Articles
| Open Access |
https://doi.org/10.5281/zenodo.19975272
THE PARADOX OF THE WHITE COAT WHY DOCTORS AND MEDICAL STUDENTS SMOKE
Dr. Aman Khandelwal , Assistant Teacher, Samarkand State Medical University Shahin Apsara , Medical Student , Samarkand State Medical University , Uzbekistan Shaikh Aftab , Medical Student , Samarkand State Medical University , Uzbekistan Suhel , Medical Student , Samarkand State Medical University , UzbekistanAbstract
There is perhaps no more striking contradiction in modern healthcare than the image of a physician in a white coat, stethoscope draped around the neck, stepping outside the hospital to light a cigarette. These are individuals who have devoted years of rigorous study to understanding human physiology, pathology, and the mechanisms of disease. They counsel patients daily on the dangers of tobacco, recounting the well-established links between smoking and lung cancer, cardiovascular disease, chronic obstructive pulmonary disease, and premature mortality. Yet, a substantial proportion of these same healthcare providers continue to smoke.
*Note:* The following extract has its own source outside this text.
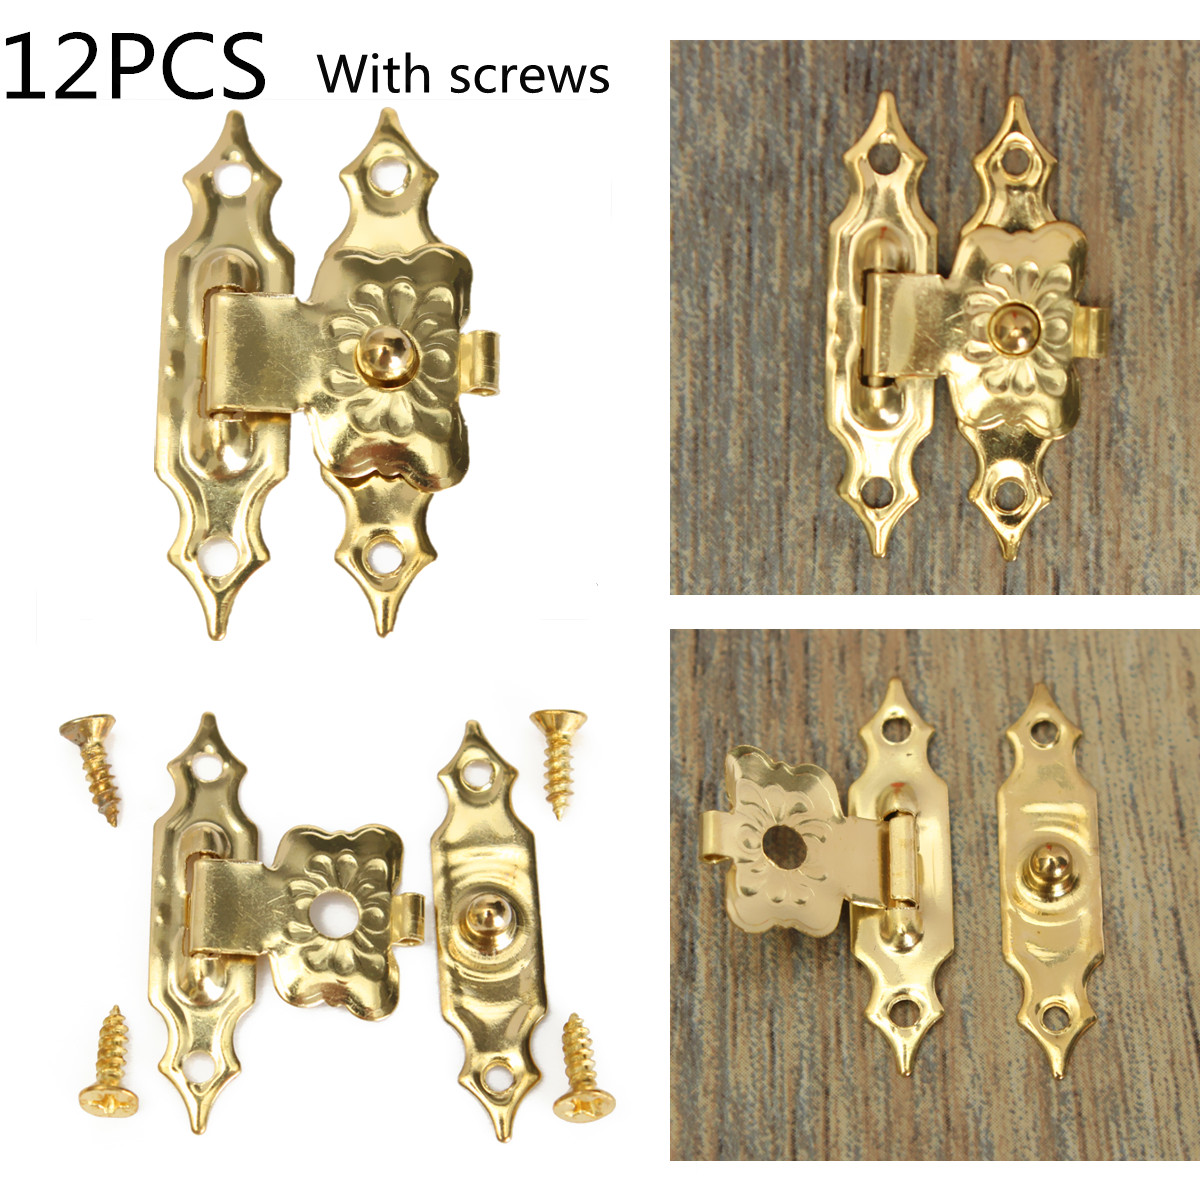 

12pcs Antique Decorative Jewelry Gift Wooden Box Hasp Latch Lock With Screw

The phenomenon is not limited to practicing physicians. Medical students, those still in the formative stages of their professional identity, also exhibit smoking rates that rival or even exceed those of the general population in certain regions. This narrative review explores the multifaceted reasons behind this paradoxical behavior, examining the prevalence of tobacco use among doctors and medical students worldwide, the psychological and social forces that drive initiation and maintenance of smoking in these populations, the unique occupational stressors that contribute to tobacco dependence, and the broader implications for public health and medical education.
Keywords
Physician smoking; medical student tobacco use; healthcare professional substance use; smoking prevalence among doctors; occupational stress and smoking; knowledge-behavior gap; tobacco cessation in medical education; burnout and coping mechanisms; physician health behaviors; tobacco control policies.
References
Smith, D. R., & Leggat, P. A. An international review of tobacco smoking among medical students. Journal of Postgraduate Medicine, 2007. (Classic global review)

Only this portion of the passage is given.